Questions to confirm:

✅ Use combined harvey.csv (all 141K) or splits (train/val/test)?
Recommendation: Combined (matches Novo Nordisk test set usage)
✅ Re-extract CDRs with ANARCI or trust HuggingFace CDRs?
Recommendation: Re-extract (ensures IMGT consistency with Jain/Shehata)
✅ Generate 6 fragment files (VHH-specific) or more?
Recommendation: 6 files (matches nanobody structure)
✅ Handle ANARCI failures by skipping or halting?
Recommendation: Skip and log (avoid pipeline failure)
✅ Expected runtime: 10-30 minutes acceptable?
Recommendation: Yes (141K sequences is large but manageable)

Implementation Timeline¶

Phase 1: Script Development (30-60 min) - Write preprocessing/harvey/step2_extract_fragments.py - Adapt from preprocess_jain_p5e_s2.py (remove light chain logic)

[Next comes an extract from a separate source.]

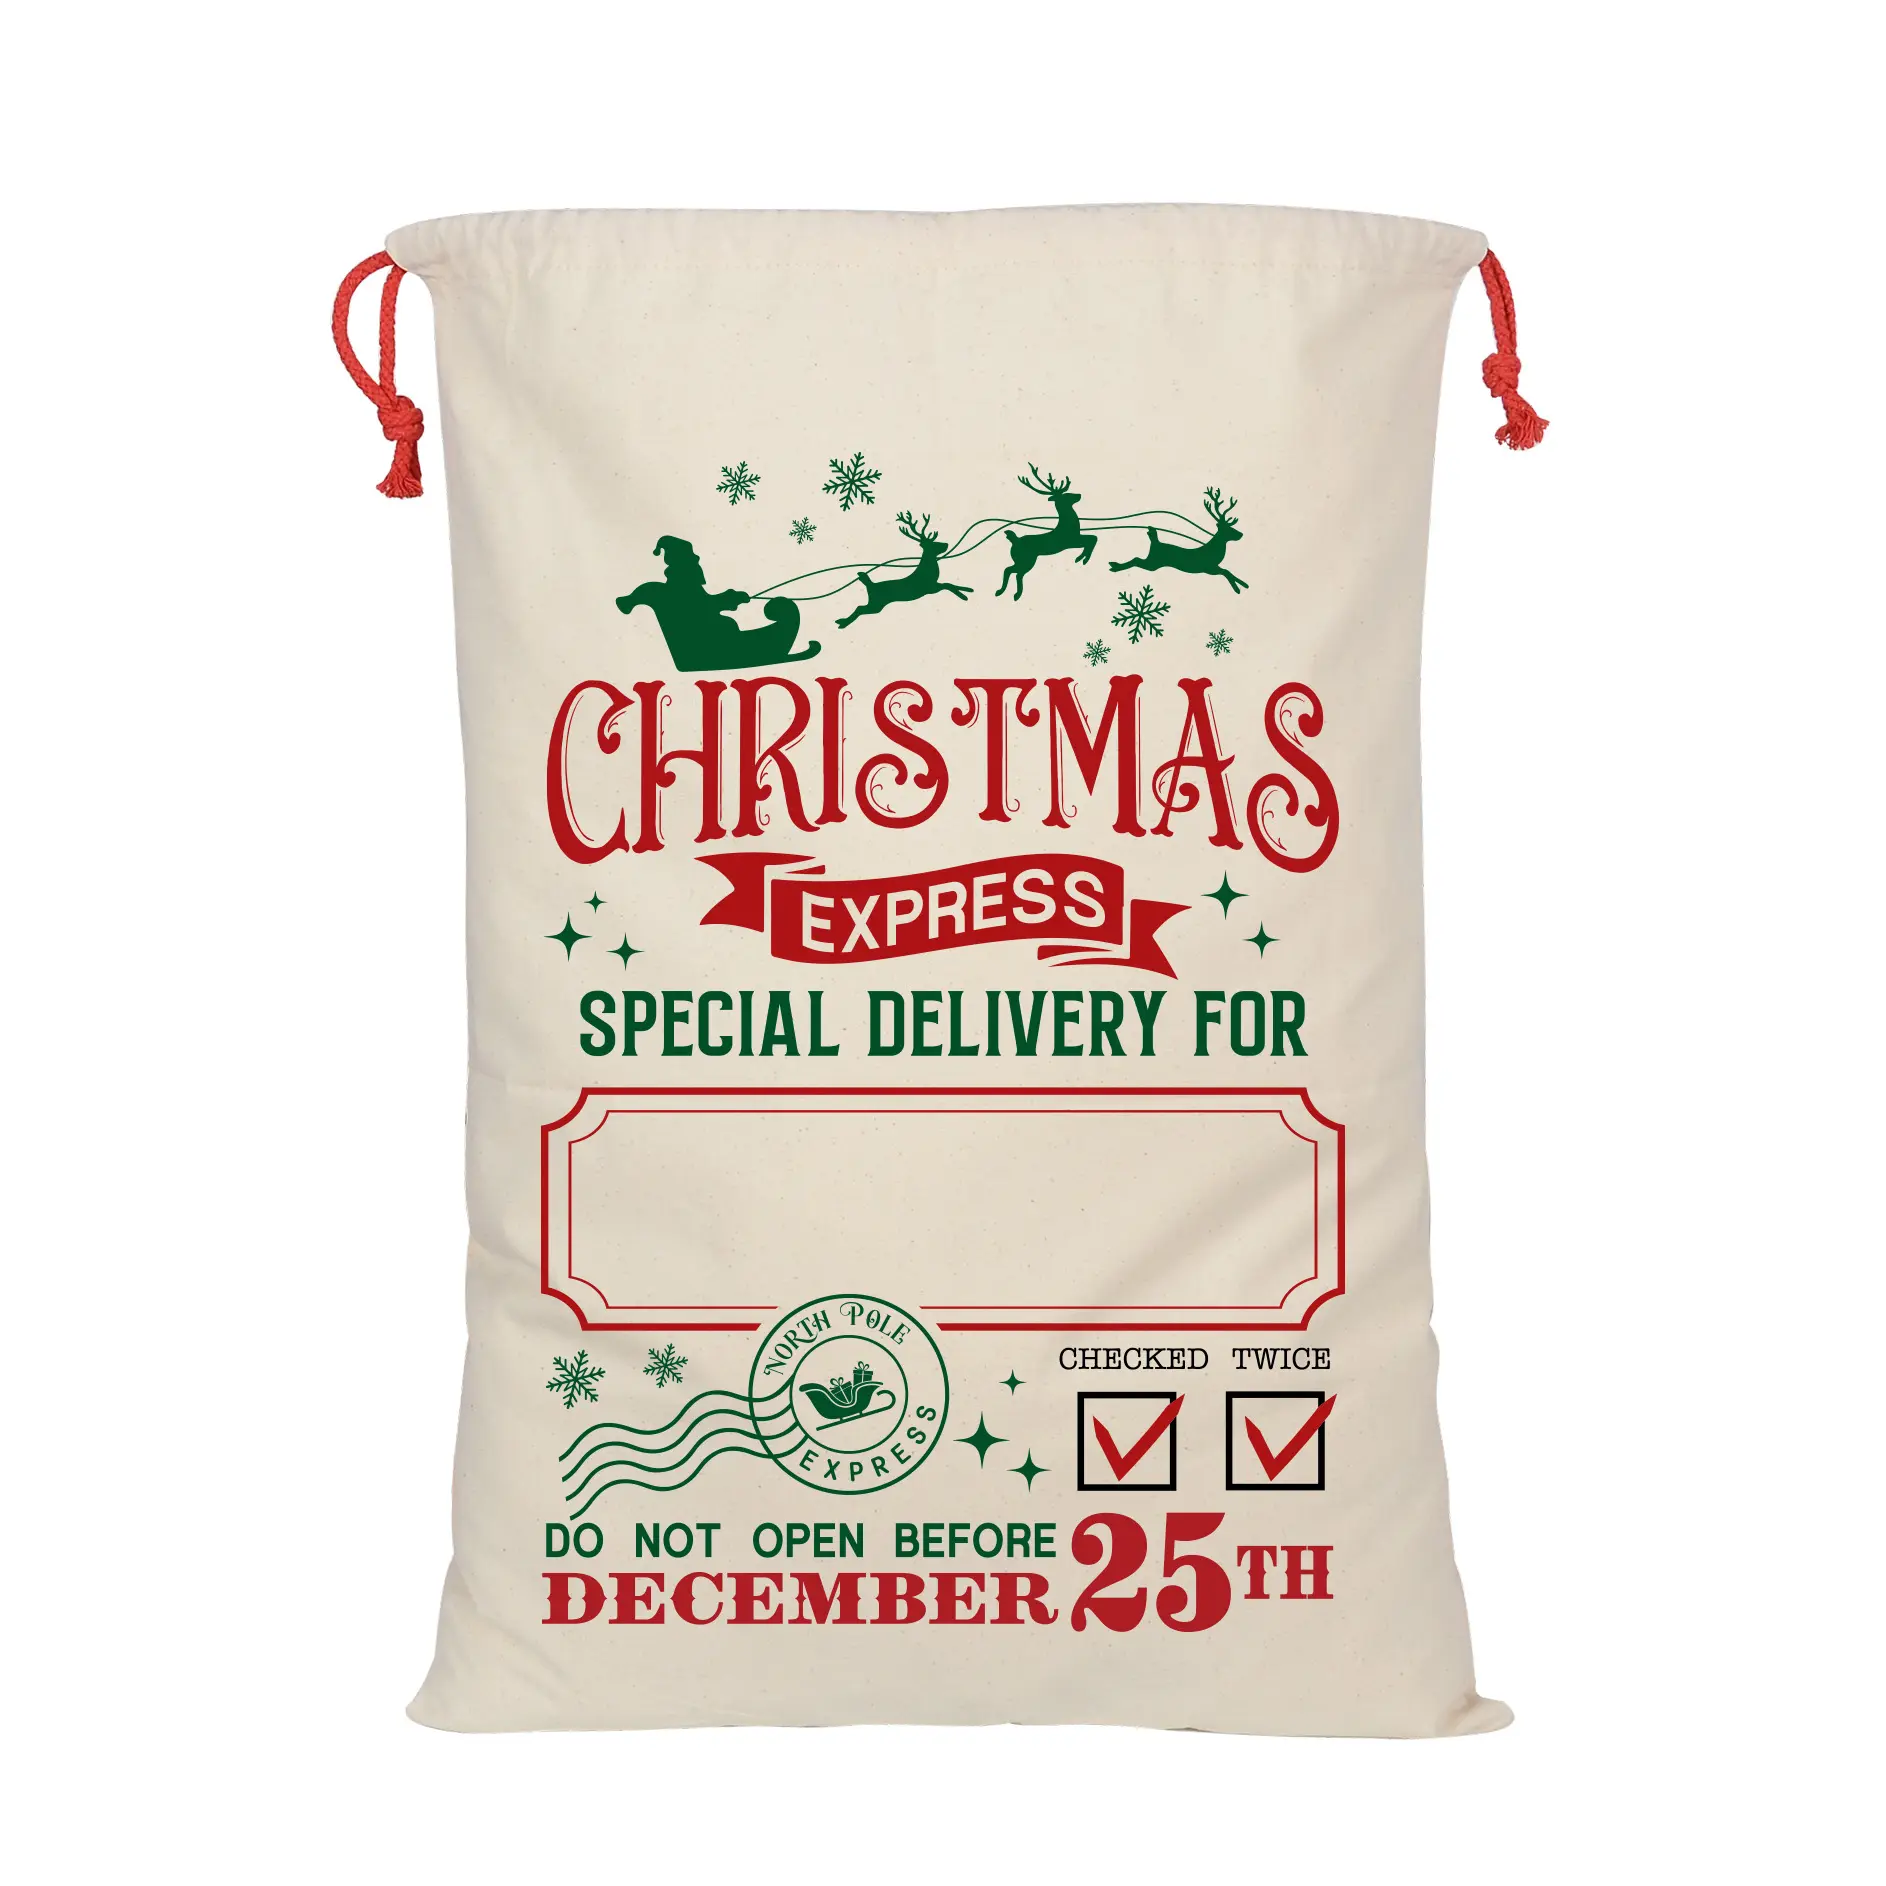 Leinwand Weihnachts tasche 50*70 Weihnachts geschenk Tasche Kordel zug Siebdruck Weihnachts tasche DIY Hersteller Großhandel

Phase 2: Test Run (10-30 min) - Process first 1000 sequences - Verify output format - Check ANARCI failure rate

Phase 3: Full Processing (10-30 min) - Process all 141,474 sequences - Generate 6 fragment CSV files

Phase 4: Validation (5-10 min) - Run validate_harvey_processing.py - Verify all checks pass

Phase 5: Documentation (30-60 min) - Write cleaning log - Write verification report - Update README

Total estimated time: 1.5-3 hours

References¶

[Sakhnini et al. 2025] Sakhnini LI, et al. Prediction of Antibody Non-Specificity using Protein Language Models and Biophysical Parameters. bioRxiv (2025). https://doi.org/10.1101/2025.04.28.650927
[Harvey et al. 2022] Harvey EP, et al. An in silico method to assess antibody fragment polyreactivity. Nat Commun 13, 7554 (2022). https://doi.org/10.1038/s41467-022-35276-4
[ANARCI] Dunbar J, Deane CM. ANARCI: antigen receptor numbering and receptor classification. Bioinformatics (2016). https://doi.org/10.1093/bioinformatics/btv552
[IMGT] Lefranc MP, et al. IMGT unique numbering for immunoglobulin and T cell receptor variable domains. Dev Comp Immunol (2003).